In His Image.
What does it mean to be made in His image?
Are there scars upon my brow, or was it sculpted to don a crown of thorns? Was my side made to accept the spear? Were my hands created to receive the point of a nail? Or are there scars to show they were there?
My wounds were healed before I had them. My sins forgiven without a memory of their occurrence. And yet I bear a cross daily. I still suffer a small portion for my responsibility in my sin. Yet He endured to insure my survival, my freedom.
What is the image of God?
He is perfect. Am I? No.
Can I be? Only when He perfects me. Perfection is a process.
Isn’t it odd how the crown of thorns, when we picture it on His head, seems to fit so well, even having been pushed down upon His head? As though the thorns were grown to fit His brow alone? As though, because of His great love for us, His very flesh knew He took it willingly?
Did the nails pierce His hands and feet and separate the tissues as though they were meant to be there?
I see His pain, and I wonder at His endurance, and then I find His peace.
Like Thomas I doubt Him, and I doubt what I see and what I touch. Every part of my life is a process of eliminating my doubt. I am shown repeatedly that I am loved, that I am cared for, and because of this I discover that while His crucifixion is a daily occurrence in my life, so is Easter, and all I can ever hope to be is His image.
A mere reflection.
For only Christ is Truth and Love Incarnate.

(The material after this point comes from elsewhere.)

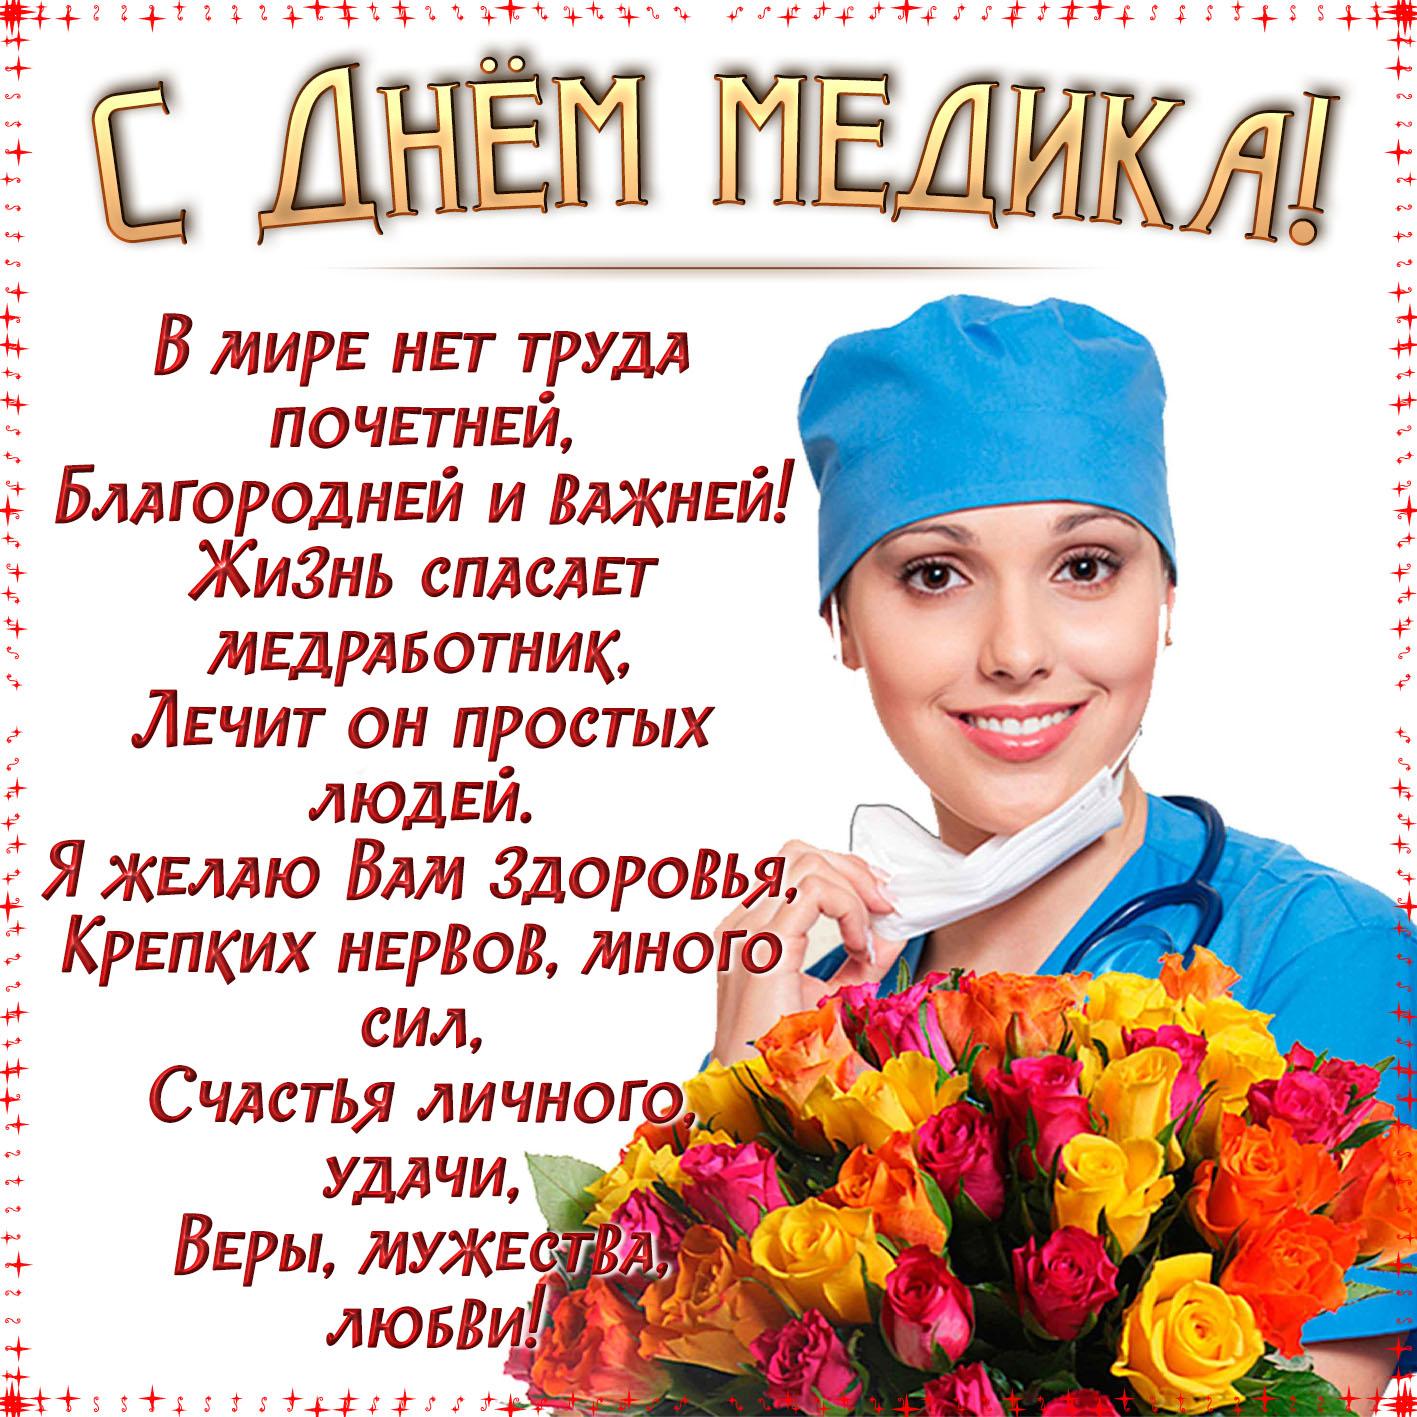 Открытки и картинки на День медицинского работника!

The sad fact of the matter is that even though God has done so much, I still try to take it back. While God’s word on the issue is final, because it is indeed “finished”, I keep trying to do it over until “I get it right” once and for all. I don’t want to be the cause of His pain because I am convinced that His sacrifice leaves me in His debt, and I can’t stand that! I hate debt! I hate obligation! Why? Because it forces me to admit my incredible, all consuming need for a Savior.

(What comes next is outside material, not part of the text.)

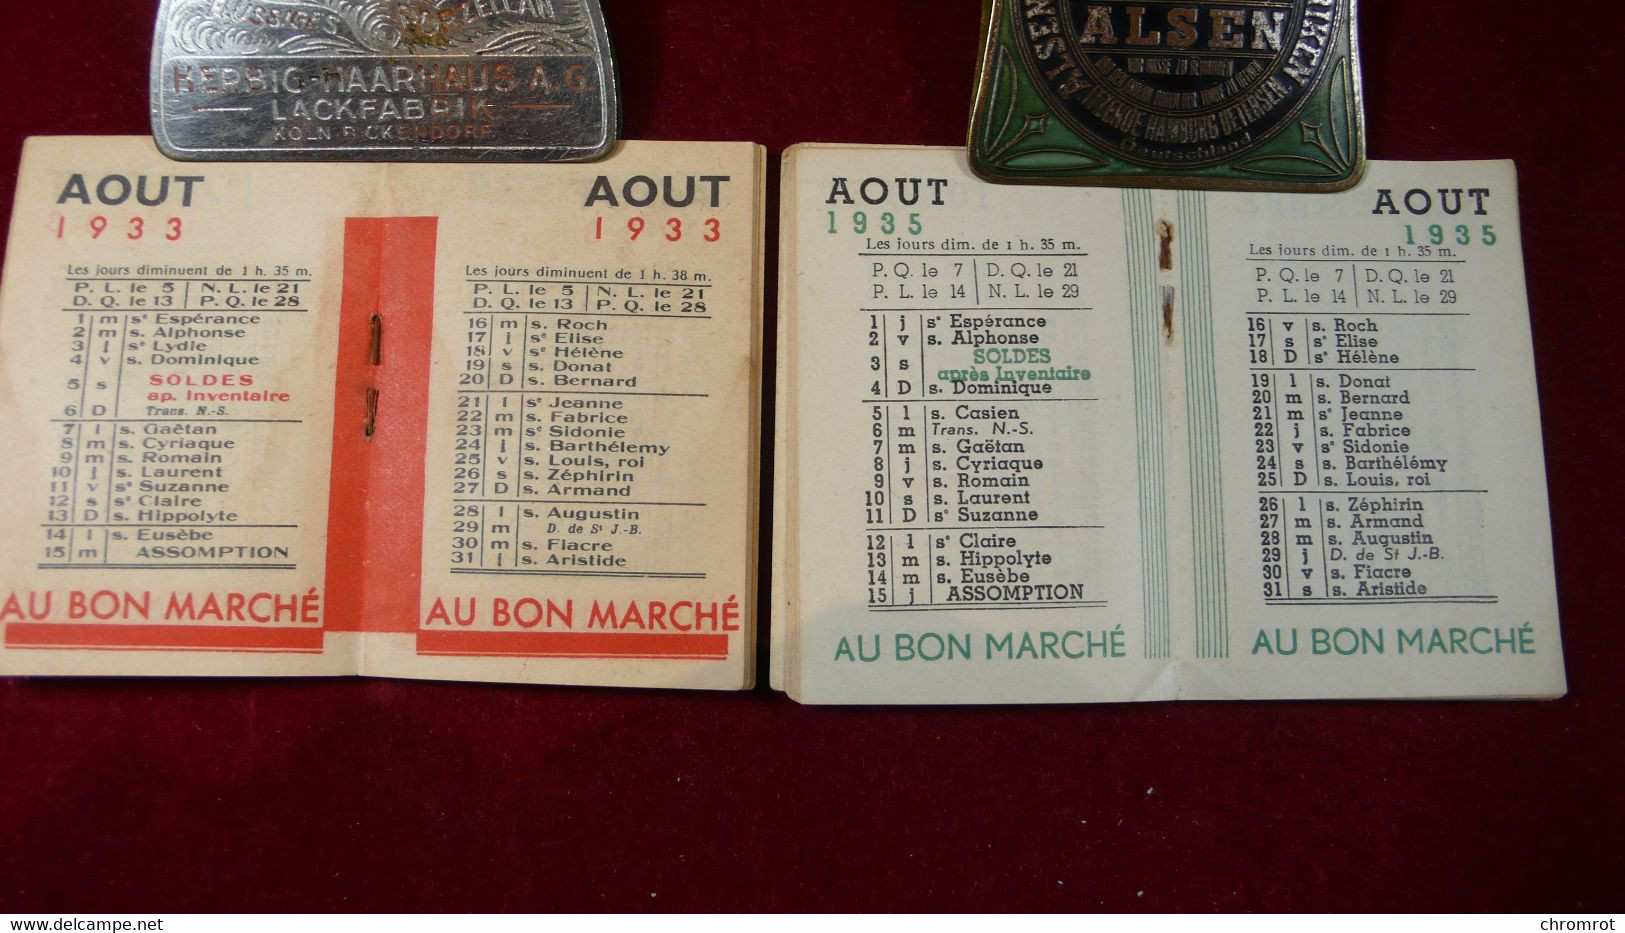 2 Mini Calendar Kalender AU BON MARCHÉ Vintage 1933 / 1935  Maison A. Boucicant Paris 12 Monats Kalender

“by his wounds we are healed.” Isaiah 53:5
So do not come to me for comfort in your pain for I stand useless in shock, in horror, in awe and in love at His sacrifice. I have no words that would be adequate to match His actions on our behalf. Only His open wounds can fulfill our need, and He is waiting for us to touch them. The greatest joy in Easter is that He is greater than all the pain of my sins to kill him. Every wound He took is one more I don’t have to bear.
And what that proves, in the end, is that there is not enough blood in my veins to cover the sins of the world.